You can get a textual dump of a WAL file content by doing the following:

 $ ./bin/hbase org.apache.hadoop.hbase.regionserver.wal.HLog --dump hdfs://example.org:8020/hbase/.logs/example.org,60020,1283516293161/10.10.21.10%3A60020.1283973724012 

The return code will be non-zero if issues with the file so you can test wholesomeness of file by redirecting STDOUT to /dev/null and testing the program return.

Similarly you can force a split of a log file directory by doing:

 $ ./bin/hbase org.apache.hadoop.hbase.regionserver.wal.HLog --split hdfs://example.org:8020/hbase/.logs/example.org,60020,1283516293161/

12.1.4. Compression Tool

See Section 12.1.4, “Compression Tool”.

12.1.5. CopyTable

CopyTable is a utility that can copy part or of all of a table, either to the same cluster or another cluster. The usage is as follows:

$ bin/hbase org.apache.hadoop.hbase.mapreduce.CopyTable [--starttime=X] [--endtime=Y] [--new.name=NEW] [--peer.adr=ADR] tablename

Options:

  • starttime Beginning of the time range. Without endtime means starttime to forever.
  • endtime End of the time range. Without endtime means starttime to forever.
  • versions Number of cell versions to copy.
  • new.name New table's name.
  • peer.adr Address of the peer cluster given in the format hbase.zookeeper.quorum:hbase.zookeeper.client.port:zookeeper.znode.parent
  • families Comma-separated list of ColumnFamilies to copy.
  • all.cells Also copy delete markers and uncollected deleted cells (advanced option).

Args:

  • tablename Name of table to copy.

Example of copying 'TestTable' to a cluster that uses replication for a 1 hour window:

$ bin/hbase org.apache.hadoop.hbase.mapreduce.CopyTable
--starttime=1265875194289 --endtime=1265878794289
--peer.adr=server1,server2,server3:2181:/hbase TestTable

Note: caching for the input Scan is configured via hbase.client.scanner.caching in the job configuration.

12.1.6. Export

Export is a utility that will dump the contents of table to HDFS in a sequence file. Invoke via:

$ bin/hbase org.apache.hadoop.hbase.mapreduce.Export <tablename> <outputdir> [<versions> [<starttime> [<endtime>]]]

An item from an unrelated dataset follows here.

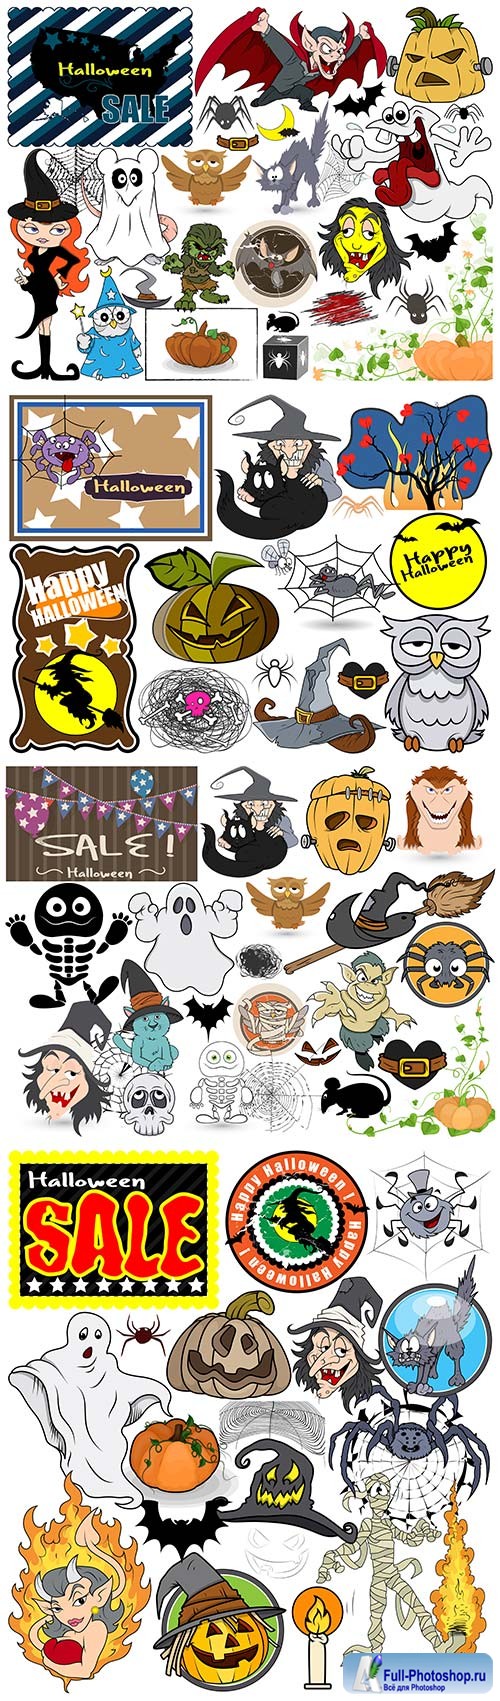 Halloween graphics vector elements

Note: caching for the input Scan is configured via hbase.client.scanner.caching in the job configuration.

12.1.7. Import

Import is a utility that will load data that has been exported back into HBase. Invoke via:

$ bin/hbase org.apache.hadoop.hbase.mapreduce.Import <tablename> <inputdir>

12.1.8. WALPlayer

WALPlayer is a utility to replay WAL files into HBase.

The WAL can be replayed for a set of tables or all tables, and a timerange can be provided (in milliseconds). The WAL is filtered to this set of tables. The output can optionally be mapped to another set of tables.

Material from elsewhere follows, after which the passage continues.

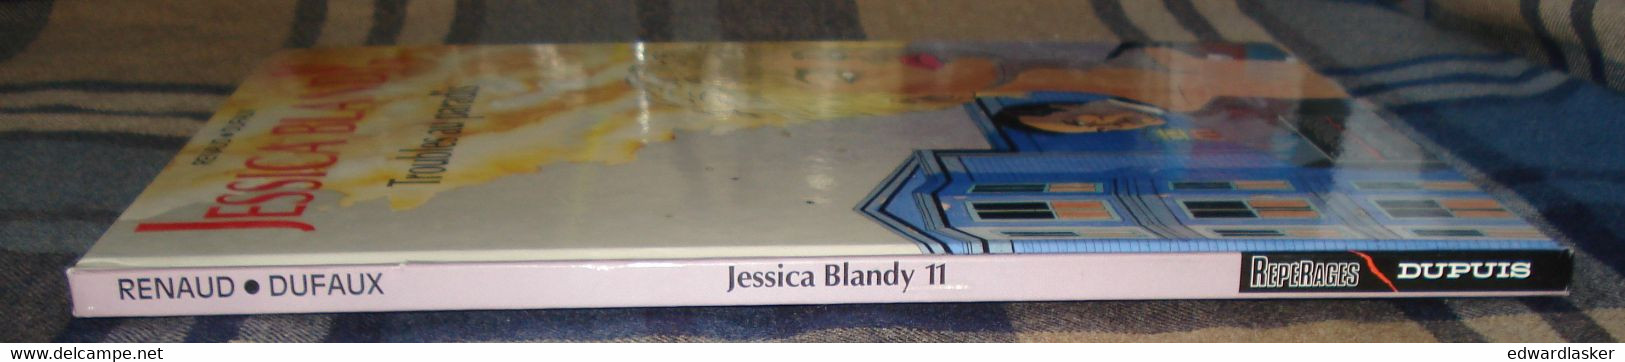 JESSICA BLANDY N°11 : Troubles Au Paradis - Rééd. Dupuis (1998) - Renaud Dufaux - Jessica Blandy

WALPlayer can also generate HFiles for later bulk importing, in that case only a single table and no mapping can be specified.

Invoke via:

$ bin/hbase org.apache.hadoop.hbase.mapreduce.WALPlayer [options] <wal inputdir> <tables> [<tableMappings>]>

For example:

$ bin/hbase org.apache.hadoop.hbase.mapreduce.WALPlayer /backuplogdir oldTable1,oldTable2 newTable1,newTable2

12.1.9. RowCounter

RowCounter is a utility that will count all the rows of a table. This is a good utility to use as a sanity check to ensure that HBase can read all the blocks of a table if there are any concerns of metadata inconsistency.

$ bin/hbase org.apache.hadoop.hbase.mapreduce.RowCounter <tablename> [<column1> <column2>...]

Note: caching for the input Scan is configured via hbase.client.scanner.caching in the job configuration.